For Calle, the early success of .CO Internet is coming full circle. With each new domain registry, Colombia gets a royalty averaging about 25 percent, and the millions of dollars generated is being reinvested in initiatives to promote digital literacy and Internet usage throughout that country as part of Colombia’s commitment to build a world-class technology infrastructure. Related government initiatives, such as ViveDigital and Apps.co, have been created to help incentivize foreign investment and build a robust startup ecosystem within Colombia.

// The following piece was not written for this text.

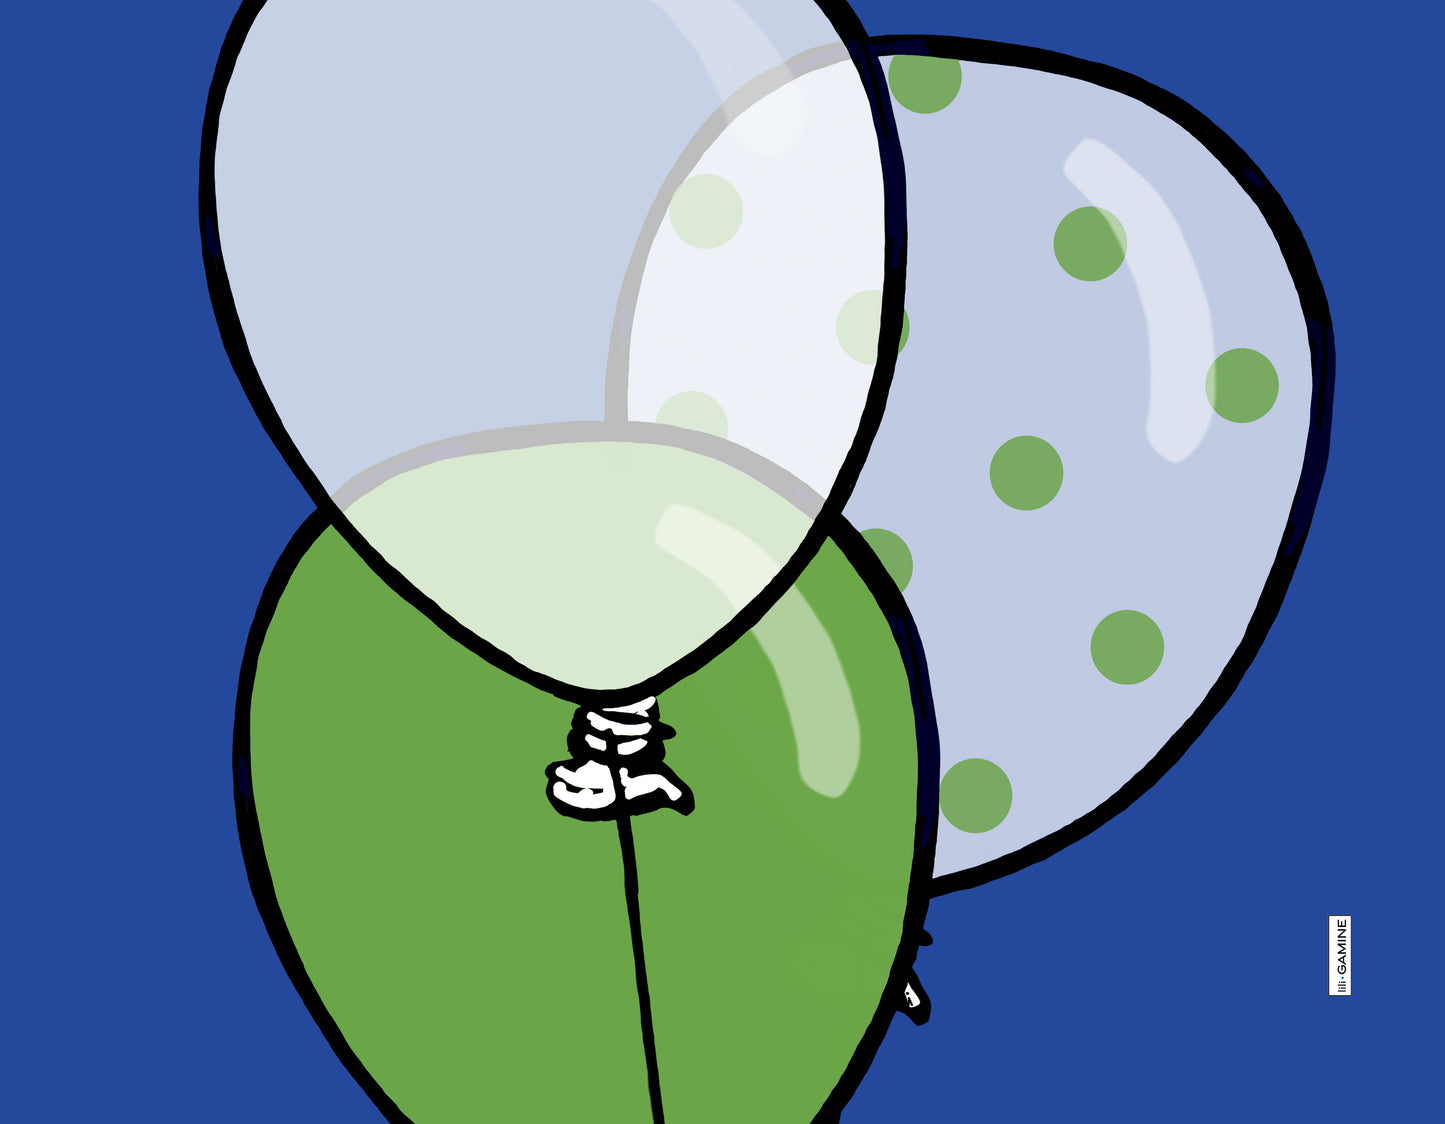 Green Balloons on a Blue Background
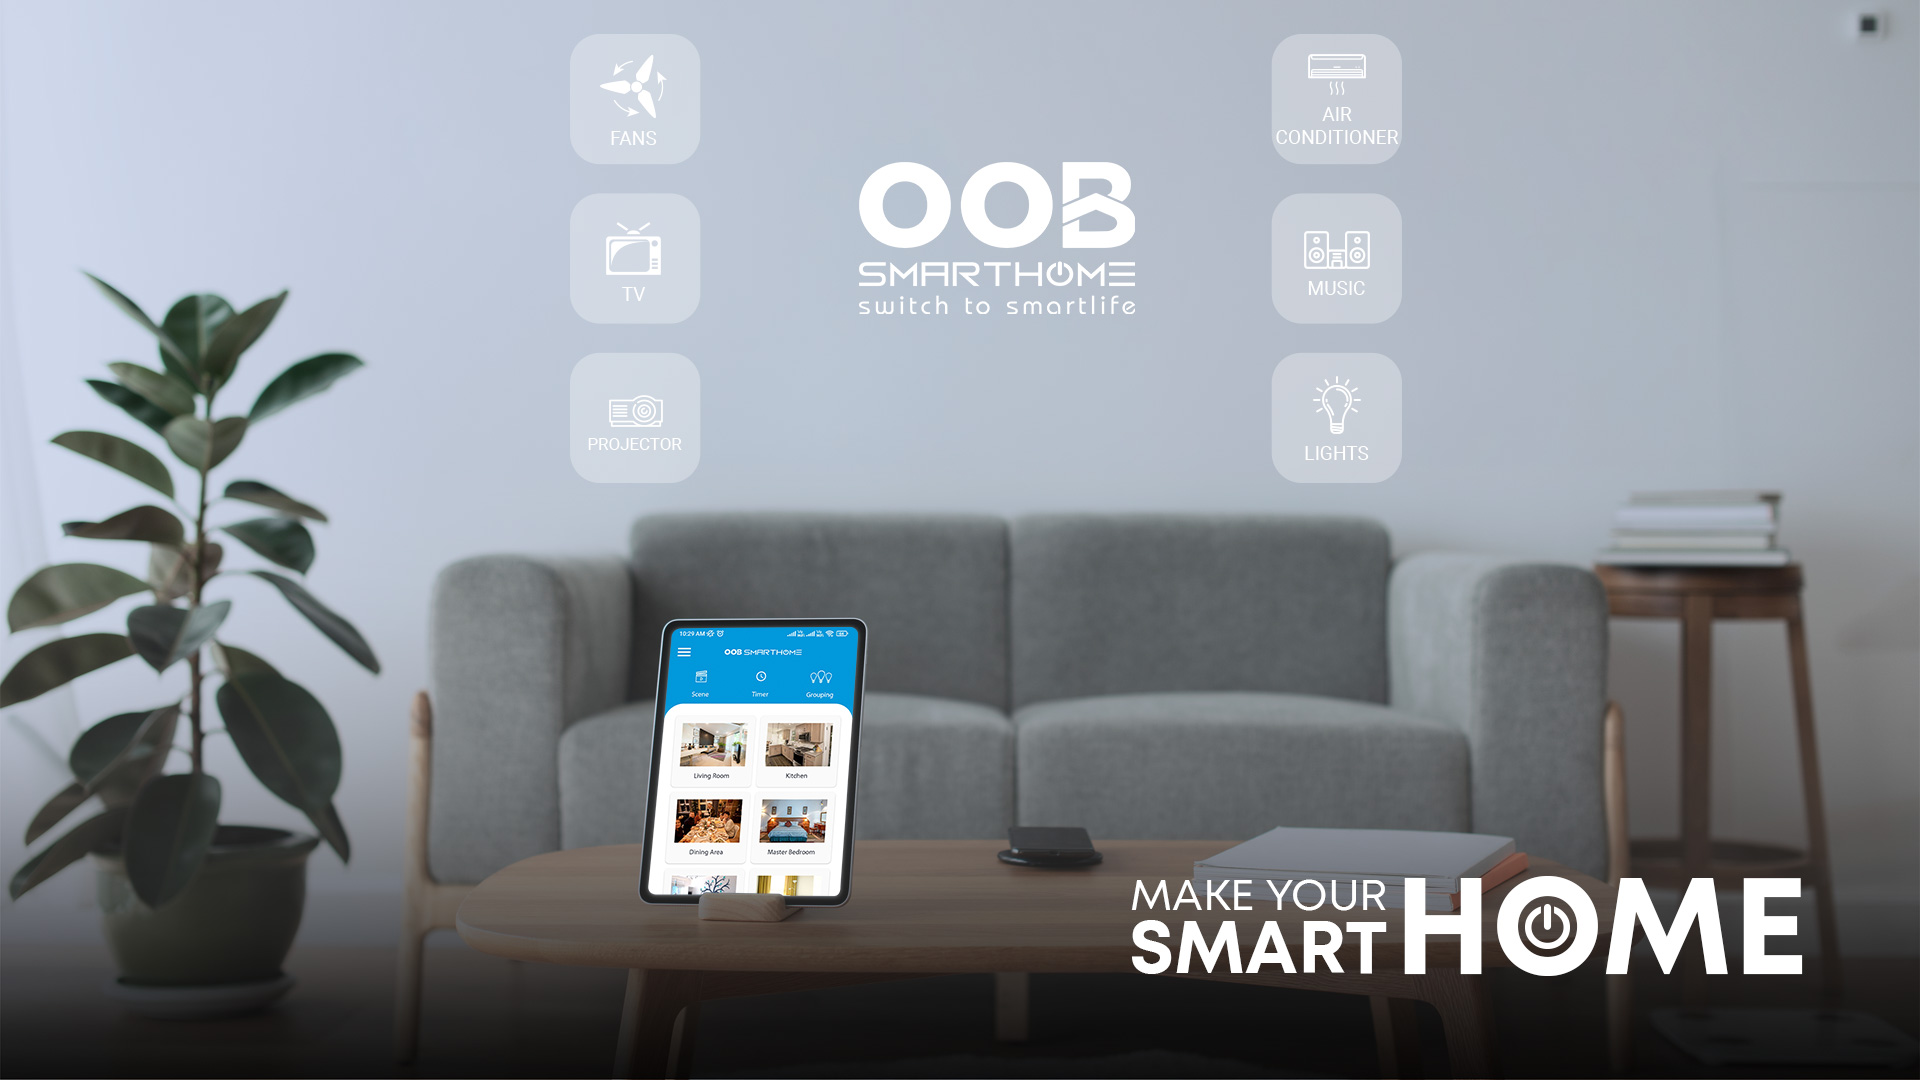 How Can You Make Your Home a Smart Home

.CO Internet has also become increasingly active in the South Florida tech community, sponsoring numerous meetups and conferences and speaking at events, such as the upcoming SuperConf. Calle is bullish about .CO Internet staying in Miami and supports current efforts to accelerate a tech hub here, even while admitting growing a tech company in Miami hasn’t always been easy.
Looking ahead, Calle said at the recent Americas Venture Capital Conference that the company will address tackling other problems entrepreneurs face building businesses online. “What if setting up domain name, email and website could be done with one click? There are regulations and technology challenges. That is a problem we will tackle in the next five years.”